Çorap giyme… hasta ol, ben sana sorarım?
Ekmeğimle Oynama,
…Cehennemlik olursun,
Bunu yapma, yoksa kalbini kırarım
Onun Kulağına bir gitsin gör o zaman
Pilavdan dönenin kaşığı kırılsın
Duyduk duymadık demeyin
Karnen kötü olursa… Bisikleti unut,
Demedi Deme
Biz Borluyuz haa!
Ben kimim biliyor musun?
Benim babam polis
Ölümü gör!
Bak Bir daha konuşmam, Küserim ha!
Bu yaptığın günah…cennete gidemezsin
Bana tehdit sökmez!
Bak… bana Yüksek sesle konuşma
…Plakalı aracınıza ceza uygulanacak
Bu tür suç unsuru olmayan Tehditleri binlerce çoğaltabiliriz. Her geçen gün bu tür tehdit konuşmaların arttığı gibi günlük hayatımızda da çok sık kullandığımızın farkındamıyız?

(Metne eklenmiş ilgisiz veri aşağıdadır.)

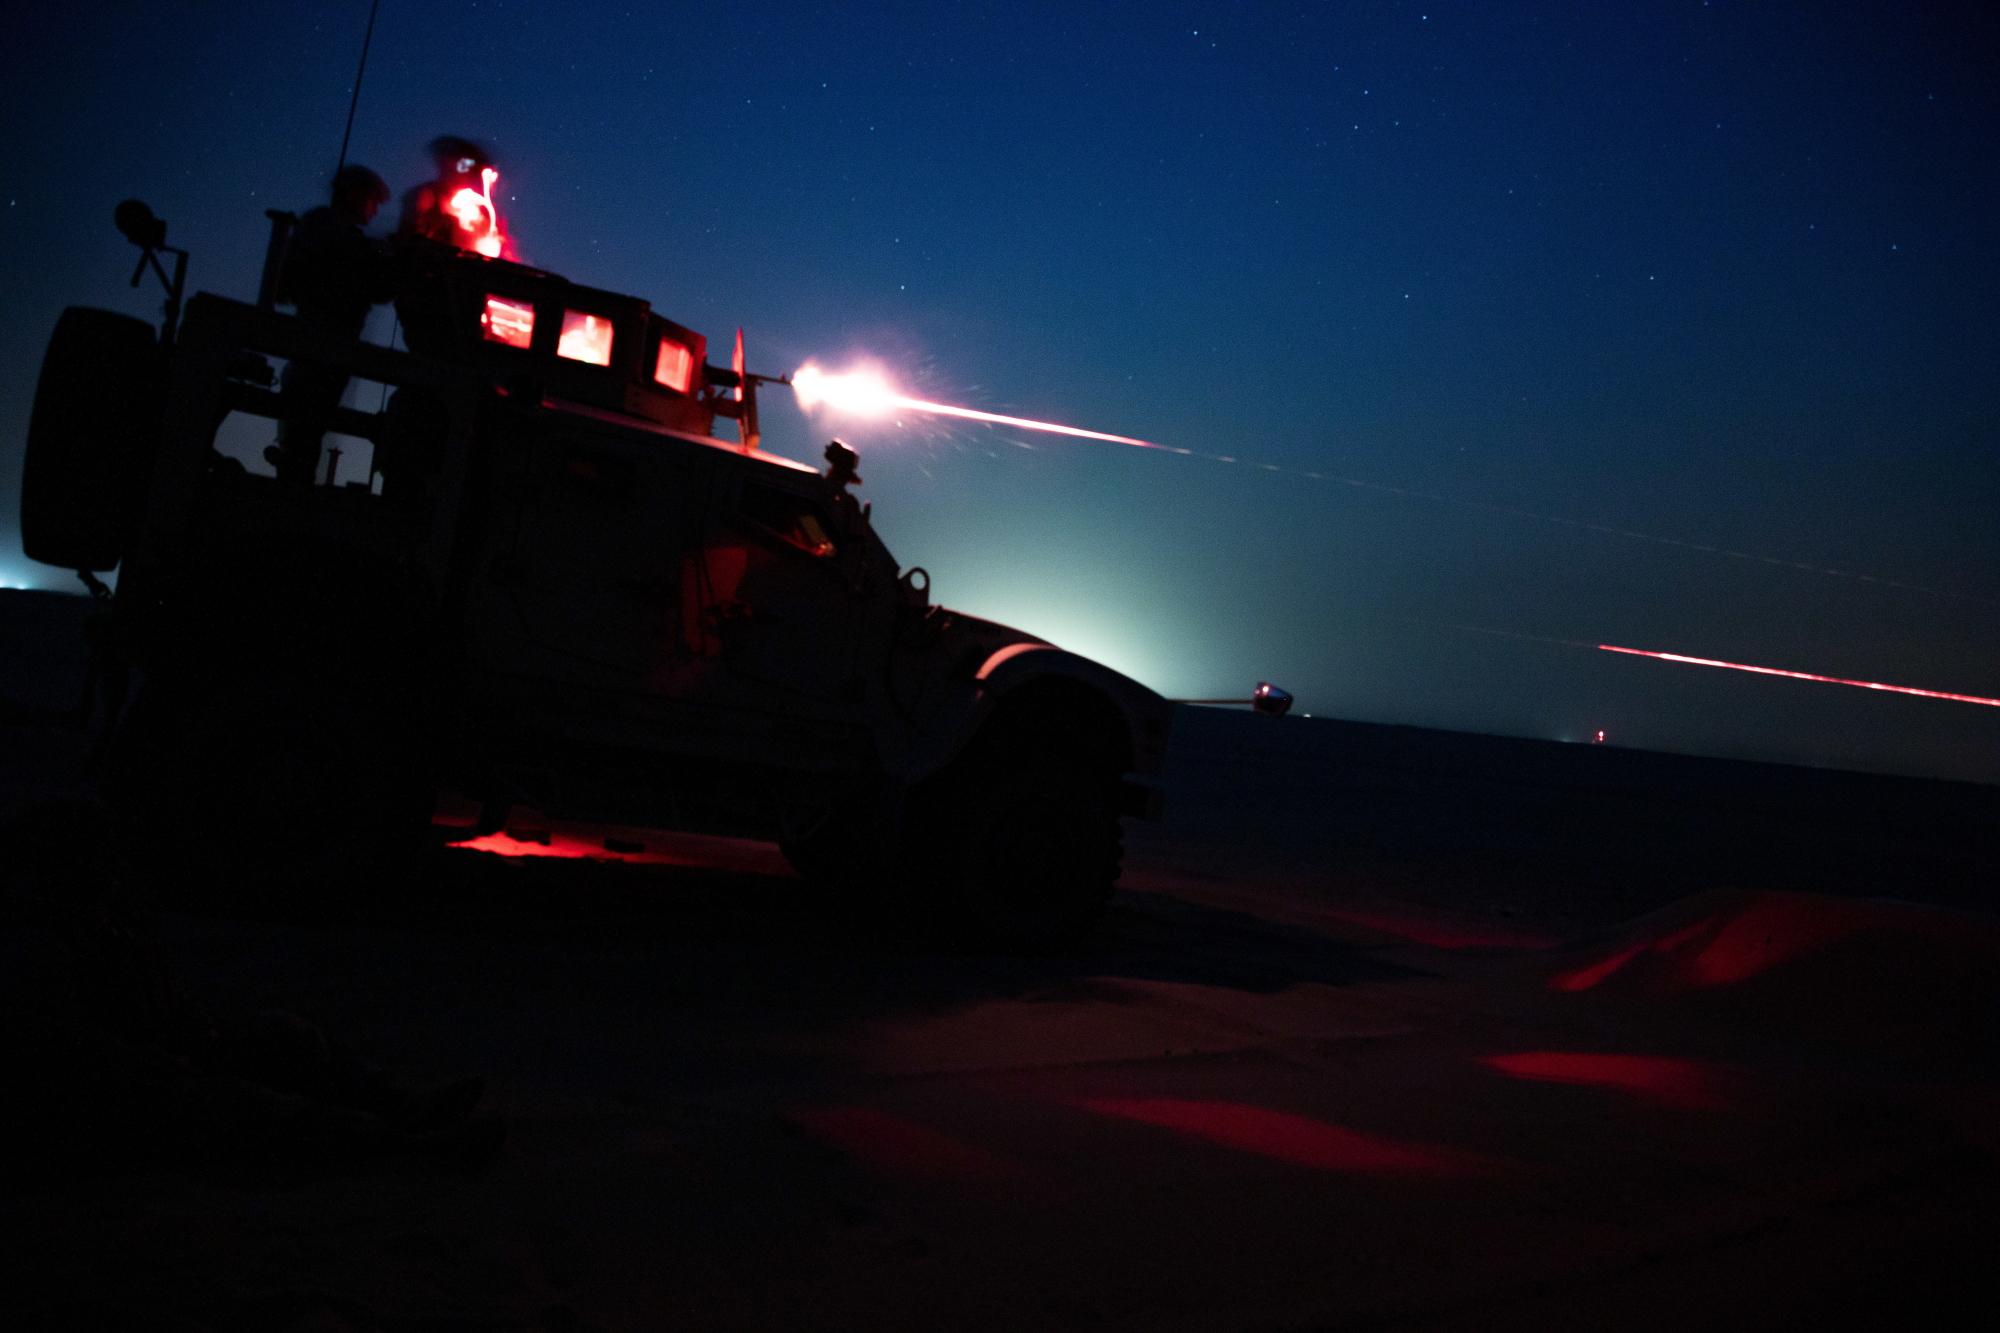 U.S. Marines fire an M240B from an MRAP All-Terrain Vehicle during night time machinegun range in Kuwait, June 16, 2020. (Cpl. Cutler Brice/Marine Corps)

Tehdit Arapça bir kelime Türkçe karşılığı “göz dağı”, “göz korkutma”dır.
Bu kavram anlam olarak hayatımızın tam merkezinde yer alıyor. Tehdit denilince kafamızda, suç, suçluluk, ceza, yani hukuki boyutu aklımıza geliyor. Bu kavramın hukuki, yani suç teşkili eden şeklini, boyutunu bir kenara bırakalım.
Bence Tehdit kavramının yaşamımızdaki, yukarıda sıraladığım suç olmayan boyutu daha önemli ve daha çok yaşanıyor, yaşatılıyor…
Tehdit bir insanın doğumundan ölümüne kadar maruz kaldığı, beraber yaşamak durumunda olduğu bir konu. Bu konuda psikologların, sosyologların yada toplum bilimcilerin her hangi bir araştırmasına, incelemesine, makalesine rastlamadım.
Oysa toplum sağlığı açısından çok önemli bir konu diye düşünüyorum. İnsan daha çocukken önce, anne-babasının tehdidine maruz kalıyor, ardından öğretmen, arkadaş çevresi, iş yaşamı, inançlar, din ve toplumun tehdidi ile devam ediyor.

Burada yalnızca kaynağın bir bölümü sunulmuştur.